Interestingly, group II introns can also cause gene silencing in eukaryotic cells (Chalamcharla et al., 2010; Zerbato et al., 2013). Here, EBS-IBS-based intron-mRNA interactions shut down nuclear gene expression (Qu et al., 2014). Taken together, we conclude that group II introns are inherent and general inhibitors of gene expression.
How the mRNA level is controlled by the intron
By using the in trans system, we revealed that through RNA-RNA interactions, the spliced intron can retarget the mRNA in the cell (Figures 6–7, Figure 6—figure supplement 1 and 2). The intron’s ribozyme activities include reverse splicing into the spliced mRNA, and the SER reaction. Because forward splicing is usually favored in the cell, based on the high splicing efficiency shown in Figure 1B, Figure 1—figure supplements 1–2, we speculate that reverse splicing accounts for a relatively small portion of mRNA loss. Additionally, a robust SER, which was also revealed in the in cis system (Figure 6C), splits the 5′-exon from the mRNA, and the free 3′-exon appears to be degraded (Figure 8A).

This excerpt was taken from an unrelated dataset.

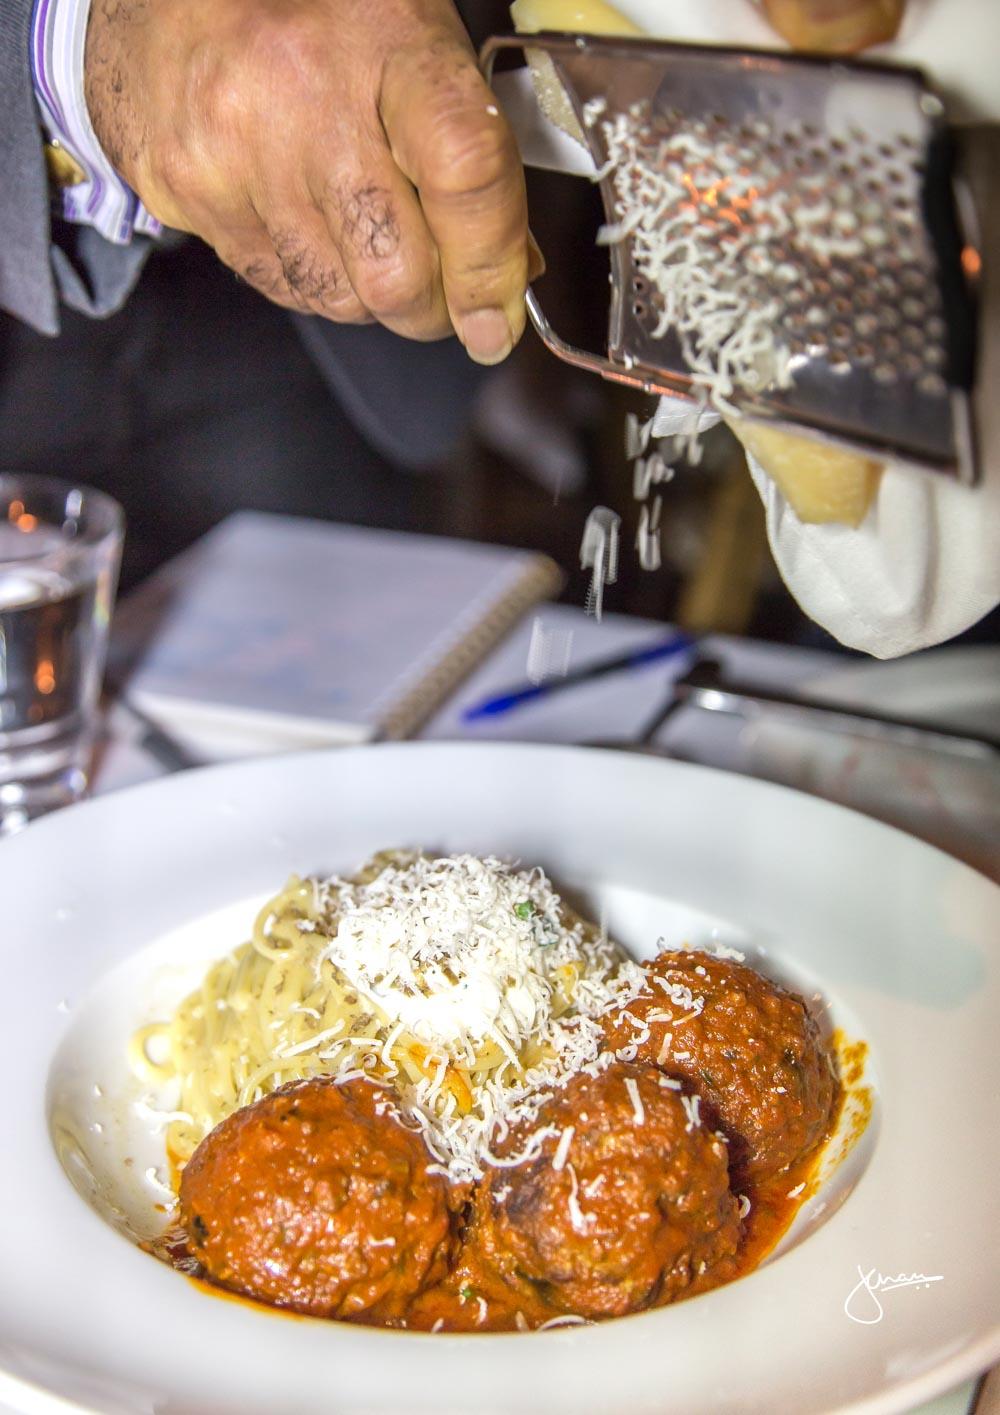 Truffle Spaghetti with Meatballs

Although group II introns commonly invade DNA sequences, targeting RNA in vivo has not been previously described. However, RNP invasion of DNA is a relatively unfavorable event (Aizawa et al., 2003), which makes it tempting to speculate that the RNA SER and subsequent RNA degradation may favor DNA invasion and retromobility.
The RNA decay study with rifampicin indicated slower mRNA degradation in the Int+ cell (Figure 1—figure supplement 3). However, this result may be misleading as the residual RNA that escapes intron targeting may be a more stable fraction. Alternatively, the intron may act as ribosomes do on bacterial mRNA, providing a ‘protective barrier’ by binding the mRNA that escapes degradative attack by the group II intron (Deana and Belasco, 2005). Additionally, enhanced stability may be a reflection of the reciprocal relationship between the stability and concentration of bacterial mRNAs (Nouaille et al., 2017), such that lower mRNA levels in the Int+ cell, would lead to higher stability of the mRNA. Whichever mechanism underlies the phenomenon, the consequence is that a fraction of the mRNA is maintained for translation.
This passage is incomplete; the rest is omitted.